Chapter 15



Understanding Mean Anomaly

Let's take the first two years of oppositions in Kepler's table, 1580 and 1582. The date, the longitude, and the latitude seem clear enough: they are when the observation was made, and where Mars was seen. But what about the Mean Longitude on the right?

Working it through

The mean anomaly is a measure of time. You can think of it as a clock.
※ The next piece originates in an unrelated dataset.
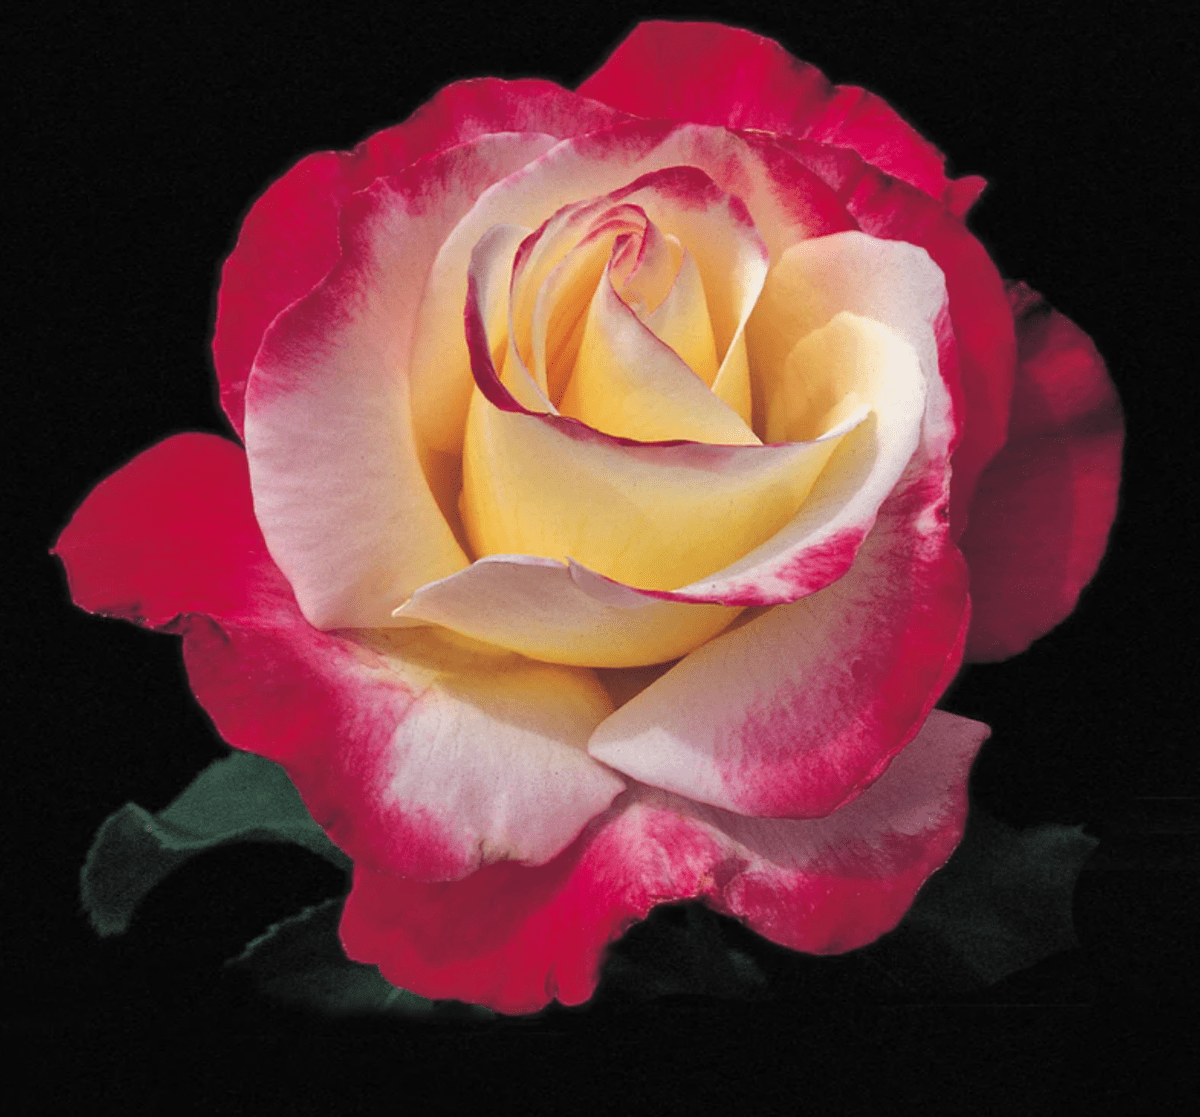 Las Vegas Rose - Hybrid Tea - Lightly Fragrant – Heirloom Roses
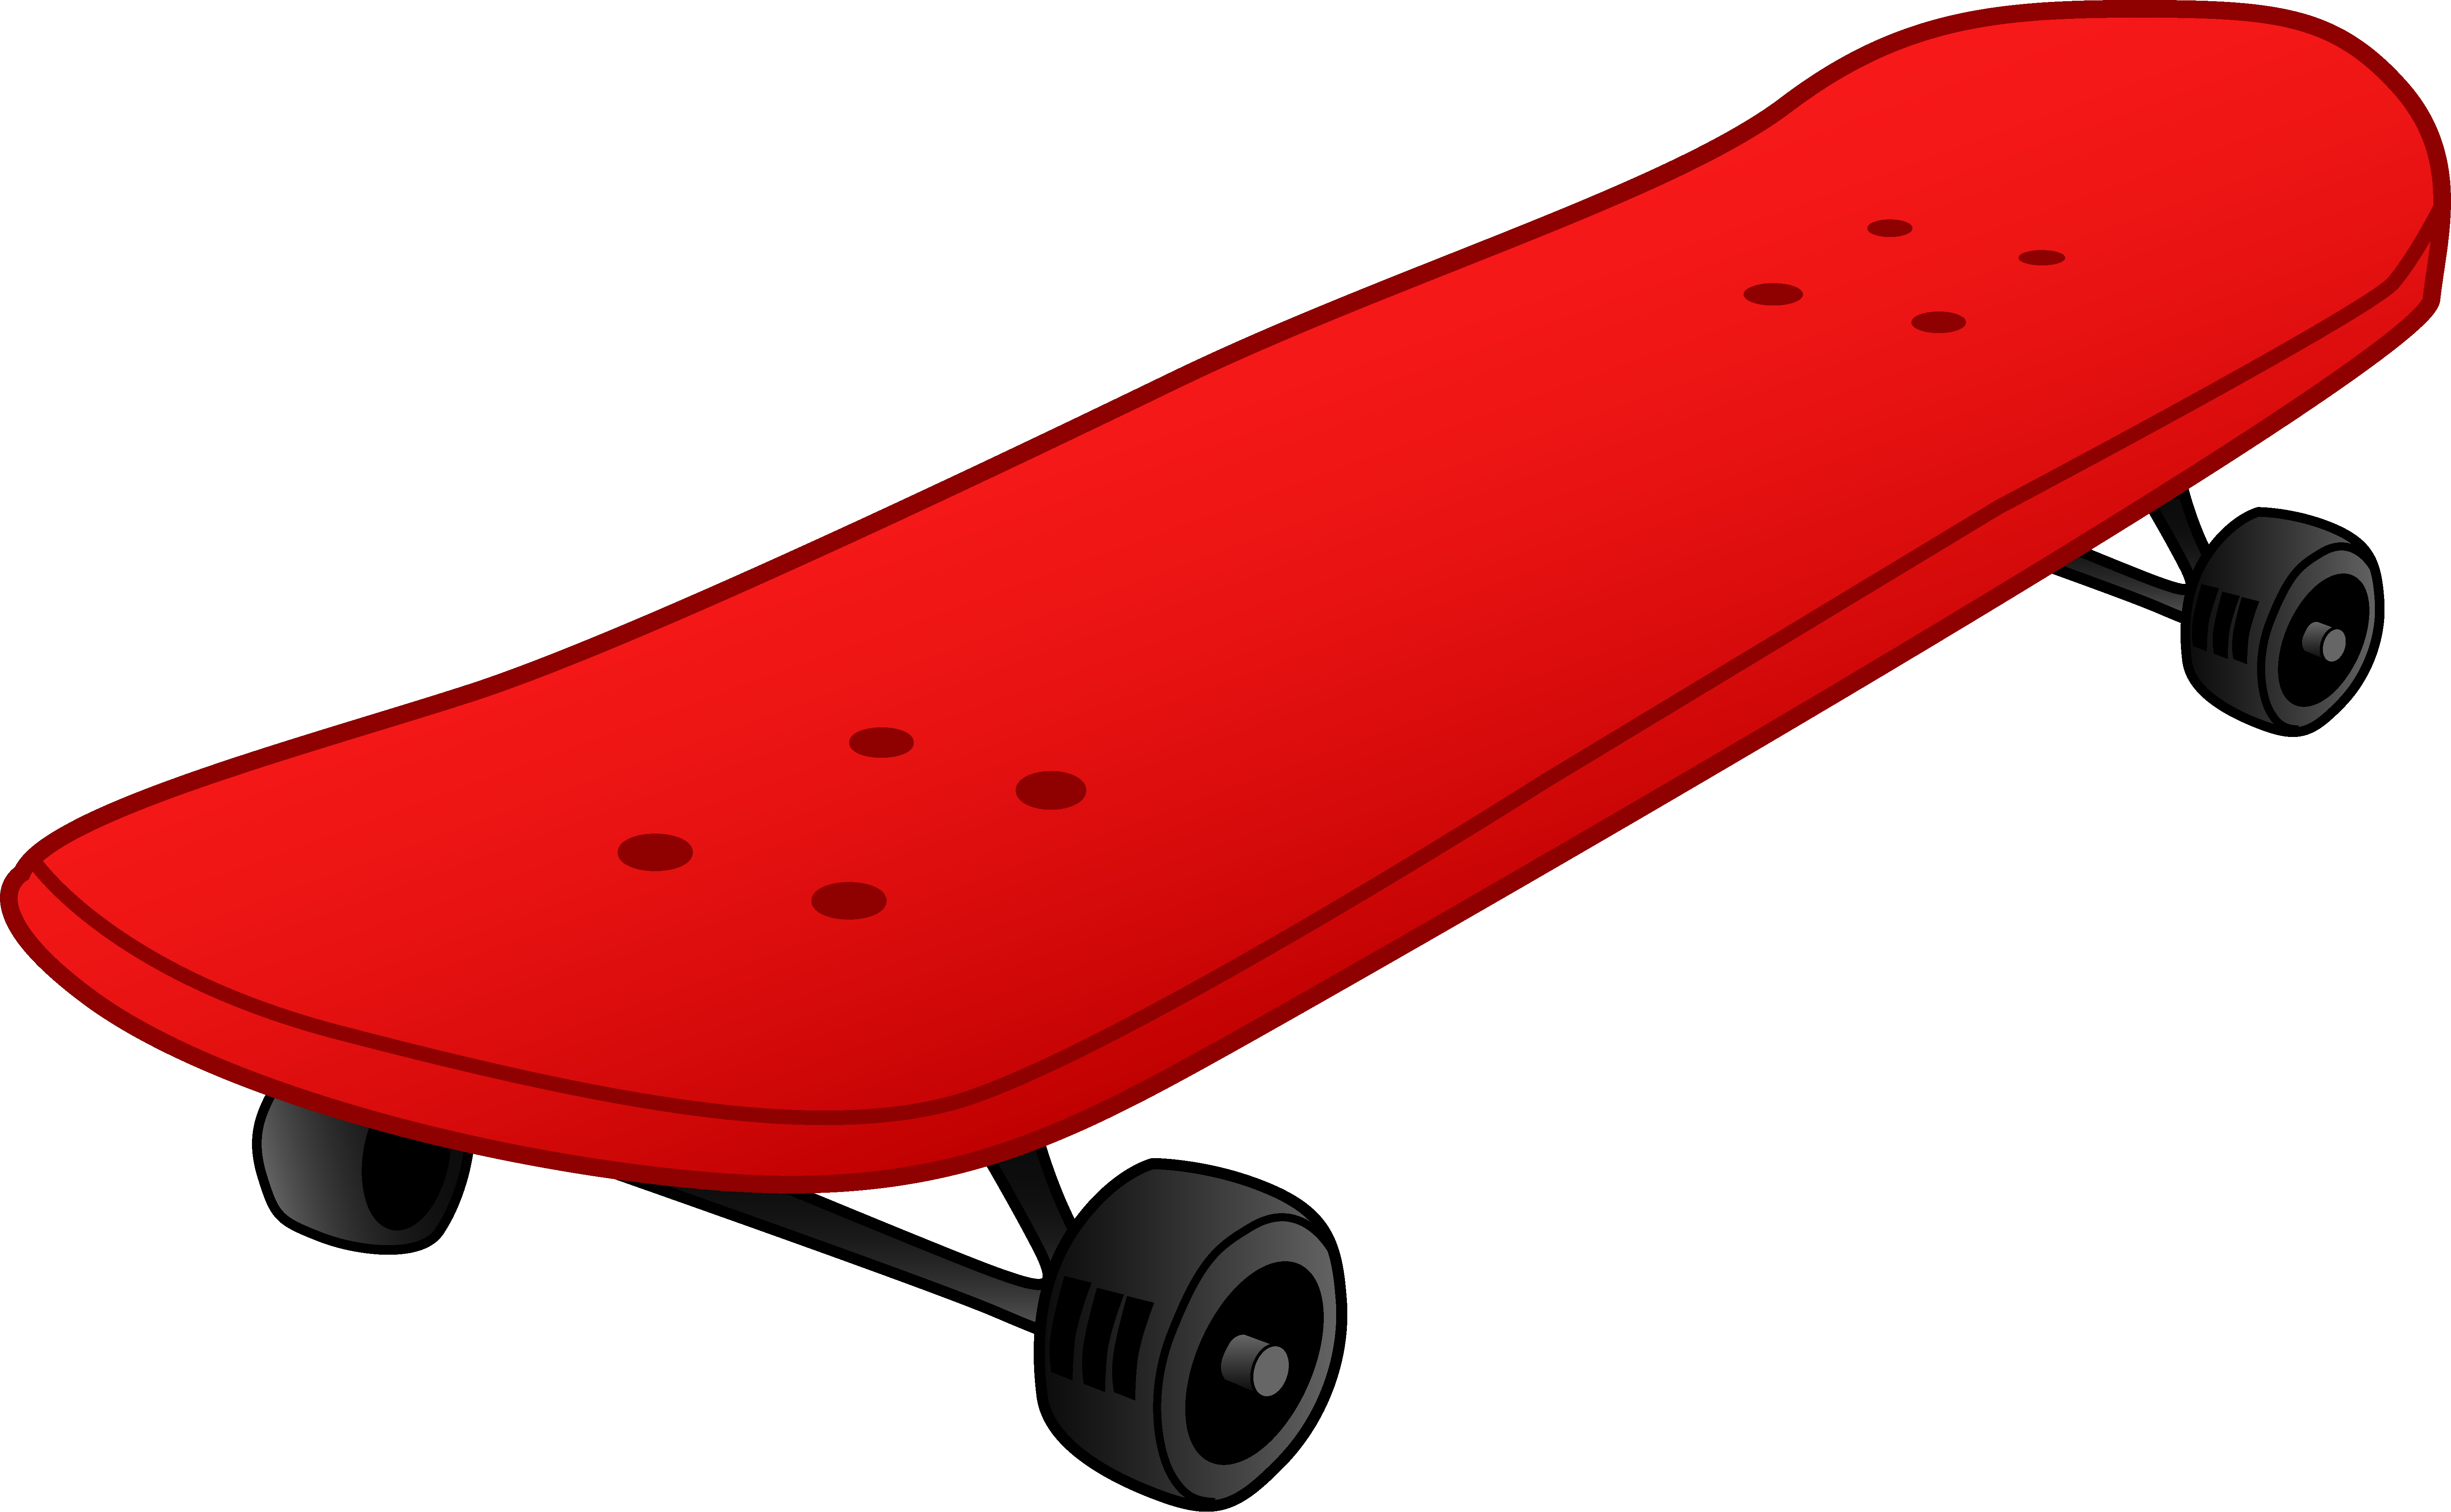 Images For > Skateboard Cartoon Image

Although we do not always have the sun at its limit at 12 noon, we still use our watches without reseting them every day to solar noon. (The difference between solar time and clock time is called the equation of time, which is one of the causes of the analemma phenomenon.) For the planet Mars, the mean longitude is a measure of how much angle the planet would have traversed, if it always moved at the same rate in its orbit. So let's recreate Kepler's creation of the right column.

First, let's see how many days have passed between Nov 18, 1580 and Dec 28, 1582. We have two years (2×365.25), one month (30 days has November), and ten more days (from the 18th to the 28th). Together, that gives:

2×365.25 + 30 + 10 = 770.5 days.

(We won't factor in the hours and minutes of time for this rough example.) Now, how many Mars orbits do 770.5 days make, and how many degrees would a uniformly moving Mars move? One Mars year is about 686.6 days, so 770.5/686.6 tells us how many Mars years we have, and multiplying by 360° will give us the degrees. When we do the math, we get:

404°, which, removing 360°, is 44°.

Compare that to the difference of Mean Longitude in the right column. The S stands for "Sign", which is 30°. We have (ignoring minutes and seconds),

3S 9° - 1S 25°
99° - 55° = 44°,
the same as we had found above.